• Task: The entries are to be given again in full. Every word must match.

■ ■ ■ ■ ■

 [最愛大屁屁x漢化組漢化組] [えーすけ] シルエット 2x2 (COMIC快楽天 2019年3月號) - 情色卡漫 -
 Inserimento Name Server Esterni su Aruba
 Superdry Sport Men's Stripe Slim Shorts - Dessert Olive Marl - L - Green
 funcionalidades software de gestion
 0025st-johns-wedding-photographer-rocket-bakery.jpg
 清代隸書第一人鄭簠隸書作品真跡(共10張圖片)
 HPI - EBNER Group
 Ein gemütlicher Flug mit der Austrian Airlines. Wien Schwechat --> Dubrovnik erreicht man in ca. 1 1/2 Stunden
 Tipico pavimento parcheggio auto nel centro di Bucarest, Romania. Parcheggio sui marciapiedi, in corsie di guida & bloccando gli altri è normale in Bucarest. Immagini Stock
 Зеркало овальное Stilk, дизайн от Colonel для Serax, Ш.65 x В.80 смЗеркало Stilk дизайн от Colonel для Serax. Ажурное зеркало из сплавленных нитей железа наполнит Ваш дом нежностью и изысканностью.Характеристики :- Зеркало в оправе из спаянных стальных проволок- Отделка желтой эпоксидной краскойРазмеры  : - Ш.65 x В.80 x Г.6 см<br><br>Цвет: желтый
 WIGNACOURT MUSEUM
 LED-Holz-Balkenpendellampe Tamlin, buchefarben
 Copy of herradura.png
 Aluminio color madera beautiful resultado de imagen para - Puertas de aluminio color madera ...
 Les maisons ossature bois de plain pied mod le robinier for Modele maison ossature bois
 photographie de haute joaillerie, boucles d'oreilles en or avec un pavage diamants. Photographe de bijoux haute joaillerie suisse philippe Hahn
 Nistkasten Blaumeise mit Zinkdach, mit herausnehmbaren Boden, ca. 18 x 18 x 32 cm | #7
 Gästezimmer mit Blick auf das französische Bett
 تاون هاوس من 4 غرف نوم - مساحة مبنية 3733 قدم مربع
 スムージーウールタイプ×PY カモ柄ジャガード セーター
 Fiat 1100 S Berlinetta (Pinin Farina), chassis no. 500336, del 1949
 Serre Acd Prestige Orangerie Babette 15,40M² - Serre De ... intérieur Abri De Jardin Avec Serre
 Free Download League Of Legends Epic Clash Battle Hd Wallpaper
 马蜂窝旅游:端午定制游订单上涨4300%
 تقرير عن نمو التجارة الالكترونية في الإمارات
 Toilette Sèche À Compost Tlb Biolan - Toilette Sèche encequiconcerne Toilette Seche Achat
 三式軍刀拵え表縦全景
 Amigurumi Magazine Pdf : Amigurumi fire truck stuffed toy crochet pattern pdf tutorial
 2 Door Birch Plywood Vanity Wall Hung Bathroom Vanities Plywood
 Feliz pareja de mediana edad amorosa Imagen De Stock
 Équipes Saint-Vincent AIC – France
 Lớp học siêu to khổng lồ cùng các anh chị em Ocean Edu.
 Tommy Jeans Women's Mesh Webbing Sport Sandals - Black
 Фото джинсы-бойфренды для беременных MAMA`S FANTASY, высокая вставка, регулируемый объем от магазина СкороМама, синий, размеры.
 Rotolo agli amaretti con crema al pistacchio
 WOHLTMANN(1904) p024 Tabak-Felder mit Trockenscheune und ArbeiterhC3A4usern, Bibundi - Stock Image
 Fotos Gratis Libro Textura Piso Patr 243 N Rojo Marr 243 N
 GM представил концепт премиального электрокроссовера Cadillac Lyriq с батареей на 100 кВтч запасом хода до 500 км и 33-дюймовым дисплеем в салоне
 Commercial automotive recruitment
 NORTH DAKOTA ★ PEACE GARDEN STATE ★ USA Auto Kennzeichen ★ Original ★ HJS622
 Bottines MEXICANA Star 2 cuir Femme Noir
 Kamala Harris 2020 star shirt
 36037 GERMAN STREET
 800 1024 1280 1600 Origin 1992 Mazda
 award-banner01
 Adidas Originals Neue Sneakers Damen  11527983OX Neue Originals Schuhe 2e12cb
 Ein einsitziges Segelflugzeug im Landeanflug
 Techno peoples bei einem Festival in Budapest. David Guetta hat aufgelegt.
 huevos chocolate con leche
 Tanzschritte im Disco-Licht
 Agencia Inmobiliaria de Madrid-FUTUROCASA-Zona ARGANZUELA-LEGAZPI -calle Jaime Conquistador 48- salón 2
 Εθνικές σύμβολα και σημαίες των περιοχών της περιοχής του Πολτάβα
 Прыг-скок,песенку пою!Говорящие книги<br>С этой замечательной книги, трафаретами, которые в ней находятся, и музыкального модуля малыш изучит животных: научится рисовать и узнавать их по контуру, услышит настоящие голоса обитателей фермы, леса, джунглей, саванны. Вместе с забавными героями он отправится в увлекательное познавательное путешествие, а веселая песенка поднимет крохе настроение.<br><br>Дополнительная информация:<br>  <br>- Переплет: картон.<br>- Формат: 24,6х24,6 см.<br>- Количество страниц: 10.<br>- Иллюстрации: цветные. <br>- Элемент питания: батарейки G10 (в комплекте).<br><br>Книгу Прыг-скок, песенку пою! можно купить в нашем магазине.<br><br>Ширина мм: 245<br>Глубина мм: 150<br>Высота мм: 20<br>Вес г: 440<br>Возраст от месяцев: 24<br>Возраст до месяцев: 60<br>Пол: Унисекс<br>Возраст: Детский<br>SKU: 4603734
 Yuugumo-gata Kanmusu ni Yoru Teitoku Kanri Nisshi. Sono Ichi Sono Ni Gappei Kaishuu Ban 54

■ ■ ■ ■ ■

• Response to the task:
 [最愛大屁屁x漢化組漢化組] [えーすけ] シルエット 2x2 (COMIC快楽天 2019年3月號) - 情色卡漫 -
 Inserimento Name Server Esterni su Aruba
 Superdry Sport Men's Stripe Slim Shorts - Dessert Olive Marl - L - Green
 funcionalidades software de gestion
 0025st-johns-wedding-photographer-rocket-bakery.jpg
 清代隸書第一人鄭簠隸書作品真跡(共10張圖片)
 HPI - EBNER Group
 Ein gemütlicher Flug mit der Austrian Airlines. Wien Schwechat --> Dubrovnik erreicht man in ca. 1 1/2 Stunden
 Tipico pavimento parcheggio auto nel centro di Bucarest, Romania. Parcheggio sui marciapiedi, in corsie di guida & bloccando gli altri è normale in Bucarest. Immagini Stock
 Зеркало овальное Stilk, дизайн от Colonel для Serax, Ш.65 x В.80 смЗеркало Stilk дизайн от Colonel для Serax. Ажурное зеркало из сплавленных нитей железа наполнит Ваш дом нежностью и изысканностью.Характеристики :- Зеркало в оправе из спаянных стальных проволок- Отделка желтой эпоксидной краскойРазмеры  : - Ш.65 x В.80 x Г.6 см<br><br>Цвет: желтый
 WIGNACOURT MUSEUM
 LED-Holz-Balkenpendellampe Tamlin, buchefarben
 Copy of herradura.png
 Aluminio color madera beautiful resultado de imagen para - Puertas de aluminio color madera ...
 Les maisons ossature bois de plain pied mod le robinier for Modele maison ossature bois
 photographie de haute joaillerie, boucles d'oreilles en or avec un pavage diamants. Photographe de bijoux haute joaillerie suisse philippe Hahn
 Nistkasten Blaumeise mit Zinkdach, mit herausnehmbaren Boden, ca. 18 x 18 x 32 cm | #7
 Gästezimmer mit Blick auf das französische Bett
 تاون هاوس من 4 غرف نوم - مساحة مبنية 3733 قدم مربع
 スムージーウールタイプ×PY カモ柄ジャガード セーター
 Fiat 1100 S Berlinetta (Pinin Farina), chassis no. 500336, del 1949
 Serre Acd Prestige Orangerie Babette 15,40M² - Serre De ... intérieur Abri De Jardin Avec Serre
 Free Download League Of Legends Epic Clash Battle Hd Wallpaper
 马蜂窝旅游:端午定制游订单上涨4300%
 تقرير عن نمو التجارة الالكترونية في الإمارات
 Toilette Sèche À Compost Tlb Biolan - Toilette Sèche encequiconcerne Toilette Seche Achat
 三式軍刀拵え表縦全景
 Amigurumi Magazine Pdf : Amigurumi fire truck stuffed toy crochet pattern pdf tutorial
 2 Door Birch Plywood Vanity Wall Hung Bathroom Vanities Plywood
 Feliz pareja de mediana edad amorosa Imagen De Stock
 Équipes Saint-Vincent AIC – France
 Lớp học siêu to khổng lồ cùng các anh chị em Ocean Edu.
 Tommy Jeans Women's Mesh Webbing Sport Sandals - Black
 Фото джинсы-бойфренды для беременных MAMA`S FANTASY, высокая вставка, регулируемый объем от магазина СкороМама, синий, размеры.
 Rotolo agli amaretti con crema al pistacchio
 WOHLTMANN(1904) p024 Tabak-Felder mit Trockenscheune und ArbeiterhC3A4usern, Bibundi - Stock Image
 Fotos Gratis Libro Textura Piso Patr 243 N Rojo Marr 243 N
 GM представил концепт премиального электрокроссовера Cadillac Lyriq с батареей на 100 кВтч запасом хода до 500 км и 33-дюймовым дисплеем в салоне
 Commercial automotive recruitment
 NORTH DAKOTA ★ PEACE GARDEN STATE ★ USA Auto Kennzeichen ★ Original ★ HJS622
 Bottines MEXICANA Star 2 cuir Femme Noir
 Kamala Harris 2020 star shirt
 36037 GERMAN STREET
 800 1024 1280 1600 Origin 1992 Mazda
 award-banner01
 Adidas Originals Neue Sneakers Damen  11527983OX Neue Originals Schuhe 2e12cb
 Ein einsitziges Segelflugzeug im Landeanflug
 Techno peoples bei einem Festival in Budapest. David Guetta hat aufgelegt.
 huevos chocolate con leche
 Tanzschritte im Disco-Licht
 Agencia Inmobiliaria de Madrid-FUTUROCASA-Zona ARGANZUELA-LEGAZPI -calle Jaime Conquistador 48- salón 2
 Εθνικές σύμβολα και σημαίες των περιοχών της περιοχής του Πολτάβα
 Прыг-скок,песенку пою!Говорящие книги<br>С этой замечательной книги, трафаретами, которые в ней находятся, и музыкального модуля малыш изучит животных: научится рисовать и узнавать их по контуру, услышит настоящие голоса обитателей фермы, леса, джунглей, саванны. Вместе с забавными героями он отправится в увлекательное познавательное путешествие, а веселая песенка поднимет крохе настроение.<br><br>Дополнительная информация:<br>  <br>- Переплет: картон.<br>- Формат: 24,6х24,6 см.<br>- Количество страниц: 10.<br>- Иллюстрации: цветные. <br>- Элемент питания: батарейки G10 (в комплекте).<br><br>Книгу Прыг-скок, песенку пою! можно купить в нашем магазине.<br><br>Ширина мм: 245<br>Глубина мм: 150<br>Высота мм: 20<br>Вес г: 440<br>Возраст от месяцев: 24<br>Возраст до месяцев: 60<br>Пол: Унисекс<br>Возраст: Детский<br>SKU: 4603734
 Yuugumo-gata Kanmusu ni Yoru Teitoku Kanri Nisshi. Sono Ichi Sono Ni Gappei Kaishuu Ban 54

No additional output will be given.